Это - сродни согласованию по смыслу / формальному.

ПС. Я бы написал "магнитные".

ППС (это о ЦМД речь идет? (magnetic bubble logic))?


----------



## Carrot Ironfoundersson

Aero45 said:


> Selyd, да, логика магнитная.



Тогда однозначно "магнитн*ые"*.


----------



## Aero45

Благодарю за ответы.

morzh, это статья о разработке микросхем на основе магнитных логических схем (magnetic logic circuit and magnetic memory):

http://newscenter.berkeley.edu/2011...gic-could-achieve-ultimate-energy-efficiency/


----------



## Rosett

Aero45 said:


> Подскажите как правильно написать:
> 
> Магнитн*ая* память и логика позволят достичь наивысшей энергетической эффективности
> 
> или


Магнитн*ая* память и логика позвол*и*т достичь наивысшей энергетической эффективности


----------



## Aero45

Rosett, а я думал, что в тех случаях, когда перечилсяются несколько объектов, необходимо ставить "позволят". 

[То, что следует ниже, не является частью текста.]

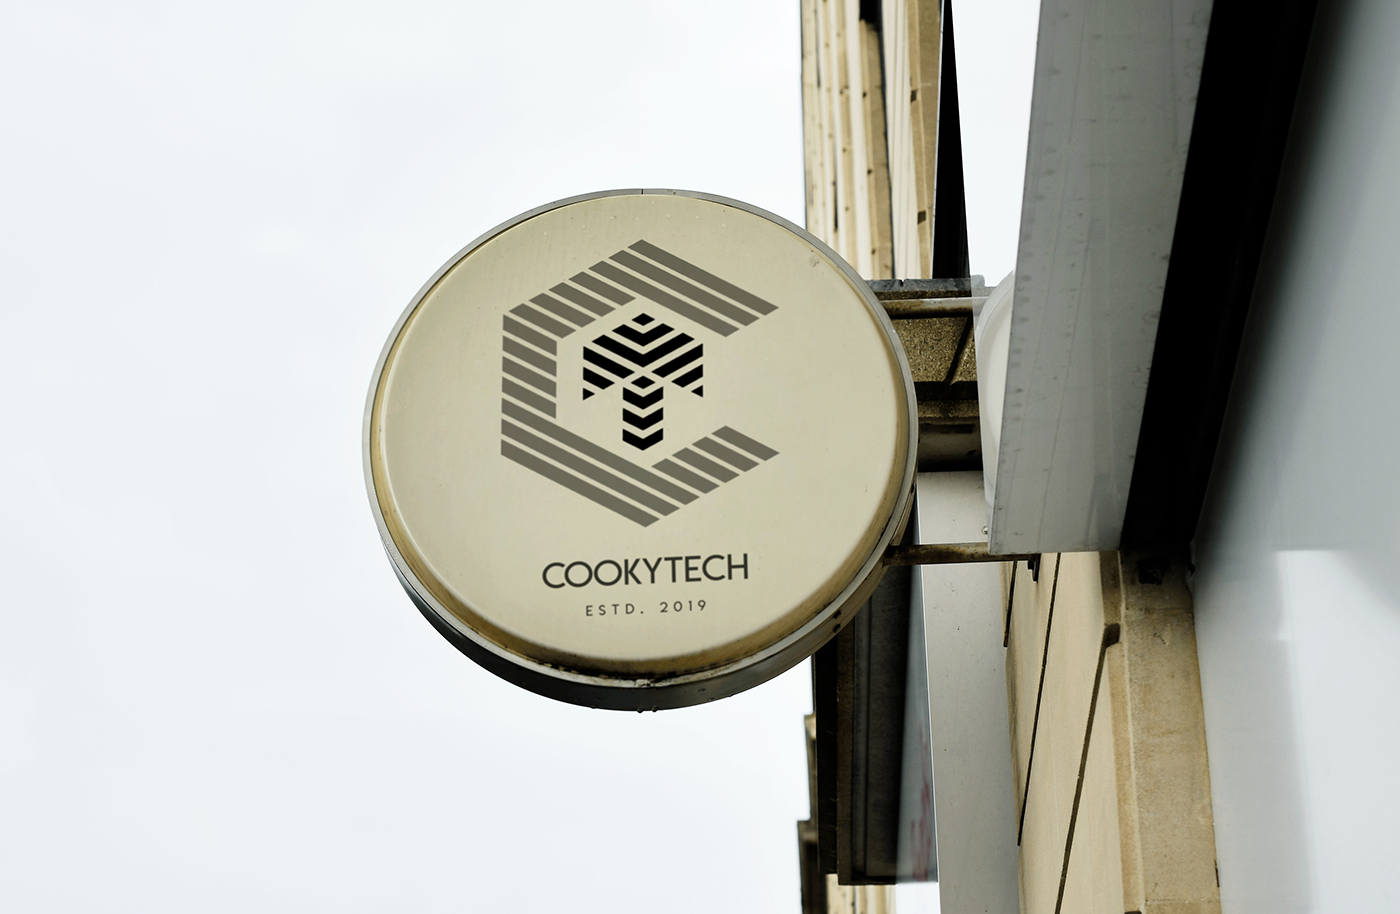 brand logo cookytech cooky tech rounak Bose rounakbose design

Верно ли мое предположение, что если перечисляемые объекты стоят в единственном числе, то правильно писать "позволит":


> Воздушный и наземный транспорт позвол*ит* повысить транспортабельность.
> Радио и телевизор позвол*ит* не скучать.



Правильно?

Или вот так:


> Воздушный и наземный транспор позвол*ят* повысить транспортабельность.
> Радио и телевизор позвол*ят* не скучать.


----------



## Rosett

Если это единый термин - да.
Пример:
Магнитная *память и логика* может достичь конечной энергоэффективности.


----------



## morzh

It is not "единый термин". There is magnetic logic, and then there is magnetic memory. They may or may not be used together, which still does not make them one.


----------



## Rosett

Не имеет смысла говорит о них по отдельности, если утверждается возможность достижения конечной эффективности. Поэтому в данном примере это - единый термин.


----------



## morzh

I will have to tell that to my colleagues (I am an electrical engineer)


----------



## Rosett

Это чисто формальное заключение, основанное на анализе заданного в теме предложения.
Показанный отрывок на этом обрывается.